4. Configure the fine tuning job.
5. Submit the fine tuning job.
6. Create serverless deployment using finetuned model and sample inference

### 1. Setup pre-requisites
* Install dependencies
* Connect to AzureML Workspace. Learn more at [set up SDK authentication](https://learn.microsoft.com/en-us/azure/machine-learning/how-to-setup-authentication?tabs=sdk). Replace  `<WORKSPACE_NAME>`, `<RESOURCE_GROUP>` and `<SUBSCRIPTION_ID>` below.
* Connect to `azureml` system registry
* Set an optional experiment name

**Install dependencies by running below cell. This is not an optional step if running in a new environment.**

In [None]:
%pip install azure-ai-ml
%pip install azure-identity

%pip install mlflow
%pip install azureml-mlflow

### Create AzureML Workspace connections

In [None]:
from azure.ai.ml import MLClient
from azure.identity import (
    DefaultAzureCredential,
    InteractiveBrowserCredential,
)

try:
    credential = DefaultAzureCredential()
    credential.get_token("https://management.azure.com/.default")
except Exception as ex:
    credential = InteractiveBrowserCredential()

try:
    workspace_ml_client = MLClient.from_config(credential=credential)
except:
    workspace_ml_client = MLClient(
        credential,
        subscription_id="<SUBSCRIPTION_ID>",
        resource_group_name="<RESOURCE_GROUP_NAME>",
        workspace_name="<PROJECT_NAME OR WORKSPACE_NAME>",
    )

# the models, fine tuning pipelines and environments are available in various AzureML system registries,
# Example: Phi family of models are in "azureml", Llama family of models are in "azureml-meta" registry.
registry_ml_client = MLClient(credential, registry_name="azureml")

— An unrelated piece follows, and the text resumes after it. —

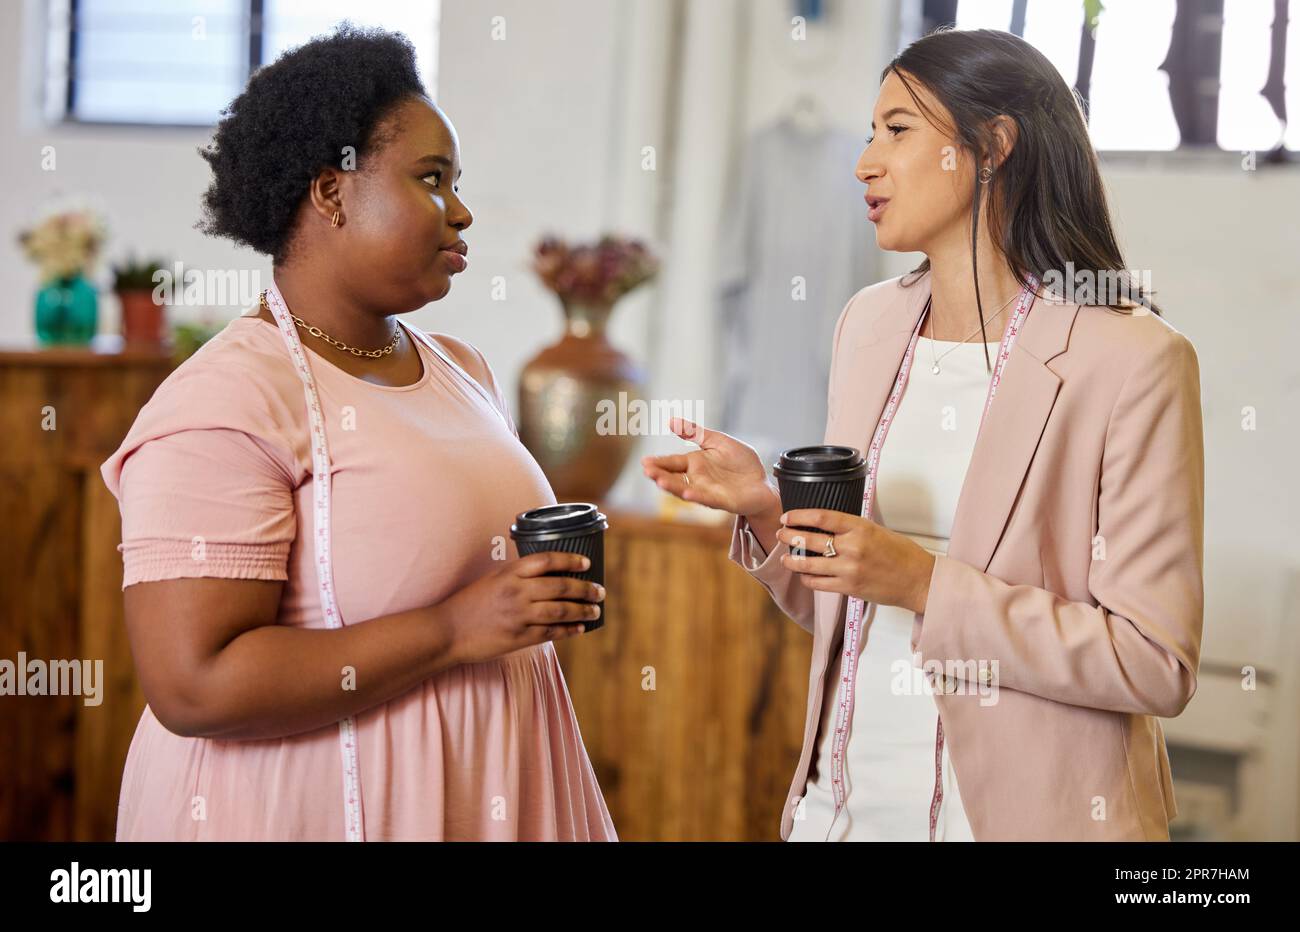 Denken wir über einen zweiten Standort nach: Zwei attraktive junge Geschäftseigentümerinnen, die Kaffee trinken, während sie in ihrem Geschäft stehen. Stockfoto

# Get AzureML workspace object.
workspace = workspace_ml_client._workspaces.get(workspace_ml_client.workspace_name)
workspace.id

### 2. Pick a model to fine tune

Phi-4-mini-instruct is a lightweight open model built upon synthetic data and filtered publicly available websites - with a focus on high-quality, reasoning dense data. The model belongs to the Phi-4 model family and supports 128K token context length. The model underwent an enhancement process, incorporating both supervised fine-tuning and direct preference optimization to support precise instruction adherence and robust safety measures. You can browse these models in the Model Catalog in the Azure AI Studio, filtering by the `chat-completion` task. In this example, we use the `Phi-3-mini-4k-instruct` model. If you have opened this notebook for a different model, replace the model name and version accordingly.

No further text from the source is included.